This is probably my favorite shot on video movie. Either this or it's sequel. It's just a balls to the walls crazy movie, filled with tons of silly gags and silly characters, however unlike the sequel this, at least from what I remember, TRIED to be a bit serious but either way the camp value of this movie is through the god damn roof. I love Howard & Eli. Also this movie was made because of something some lady said to Gary Cohen, the director, she was all like is this movie ok for my children? and Gary said it had tons of decapitations and shit in it, and she was like, but no nudity, and he said no, and well she rented it. I wish my mother was like that! Anyway, this movie is pretty neat, it's about a couple who move into a crazy hillbilly town and open up a video store. Seeing all those beautiful movies I used to rent (and want to rent) made me so happy. I want to be buried in that video store! Uh... okay... that's just a tad creepy there Mikey... anyway, it turns out that all the people in the town make snuff films... It's just a very silly, but entertaining little horror comedy.


Well, here we have the sequel to Video Violence.... the aptly titled Video Violence Part 2: When Renting is Not Enough... I don't know if thats supposed to be the tagline or part of the title, but I'm too lazy to change it, so thats the way it stays!
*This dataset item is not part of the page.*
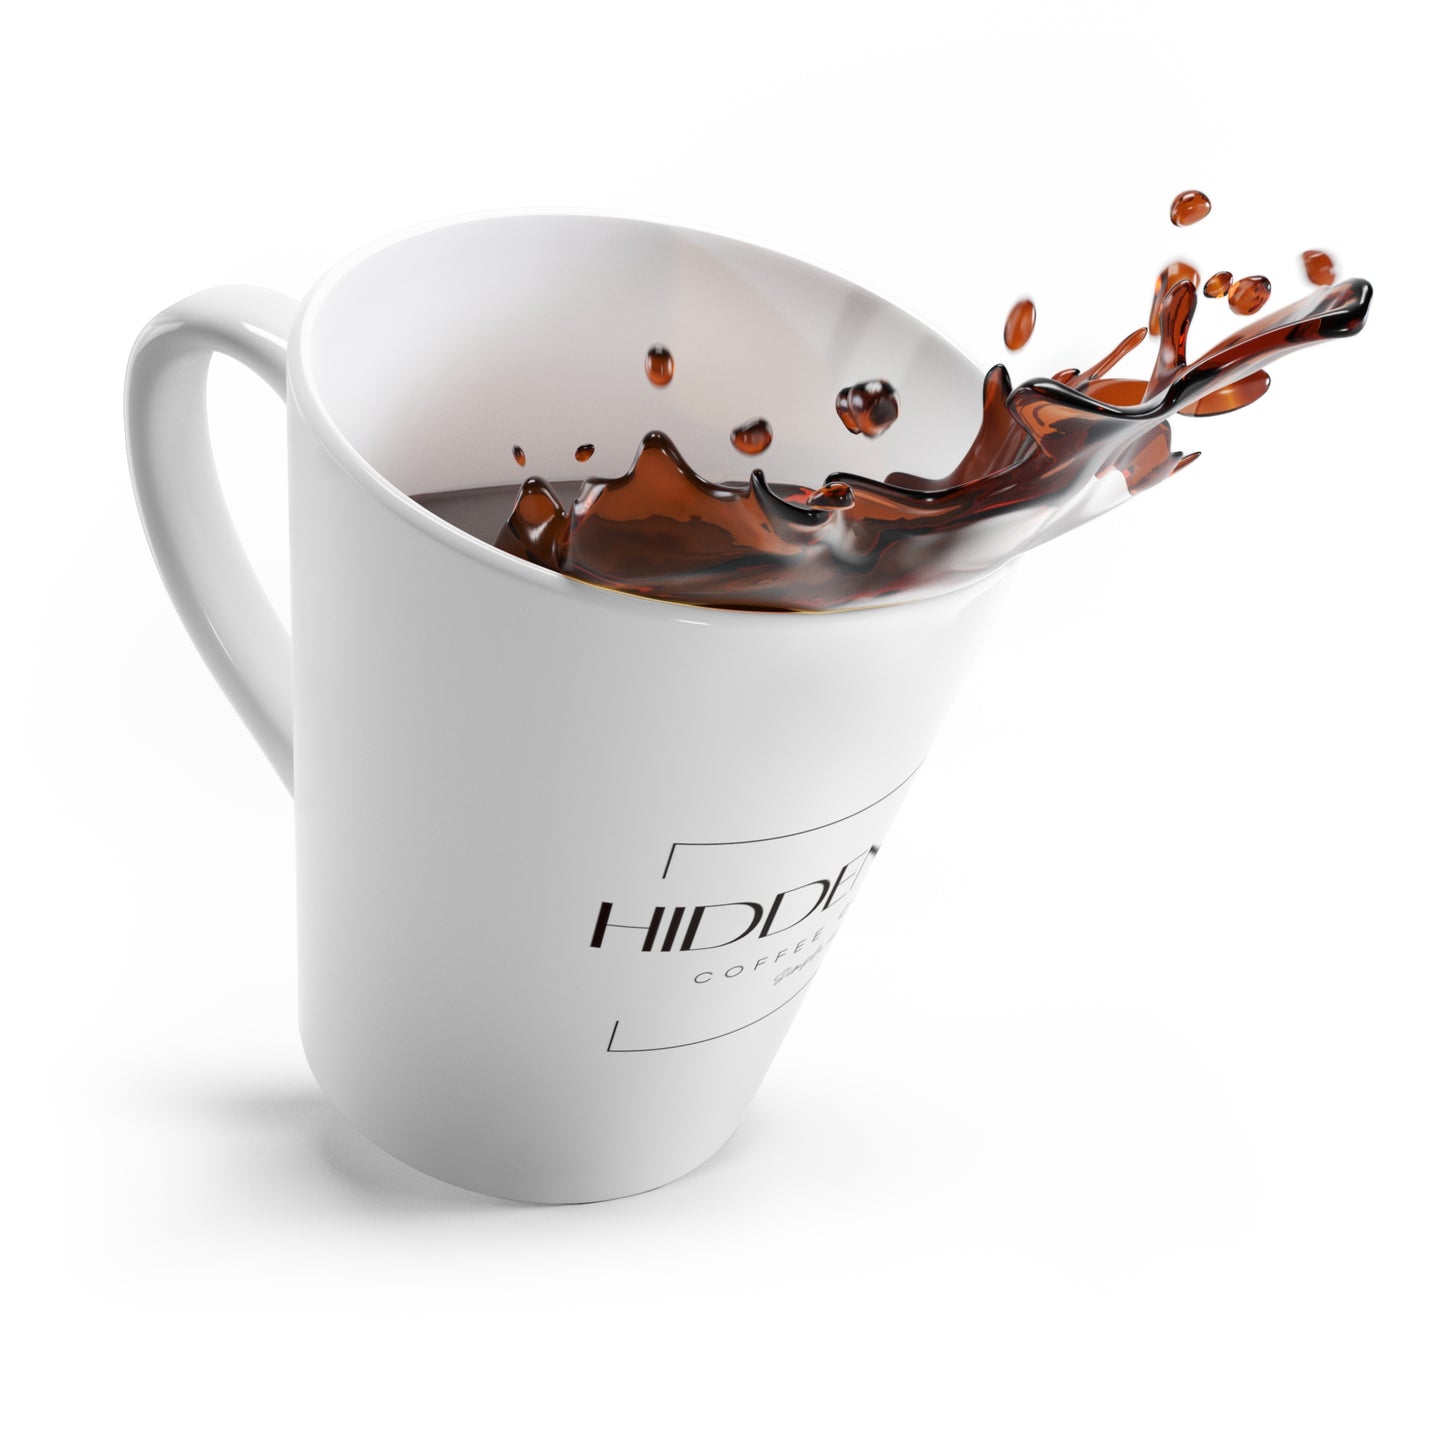 Hidden Hills Coffee Co. Latte Mug

Anyway, the sequel is more of a comedy than the original movie. A silly ass comedy that is still more amusing then the Big Bang Theory. OH SNAP, SON! Anyway, Howard and Eli, the guys from the first movie are back and for some reason or another own a tv station. That just shows snuff videos people make... don't really think too hard about that plot, because no one who starred in the damn movie cared either! And that's the way I like it! Plots are for girly men and wussies! Also I have no idea what else to say about this movie except that I was amused by it and felt that I didn't waste my 90 minutes, which is all I ask from a movie... so I'll just move on to the next movie.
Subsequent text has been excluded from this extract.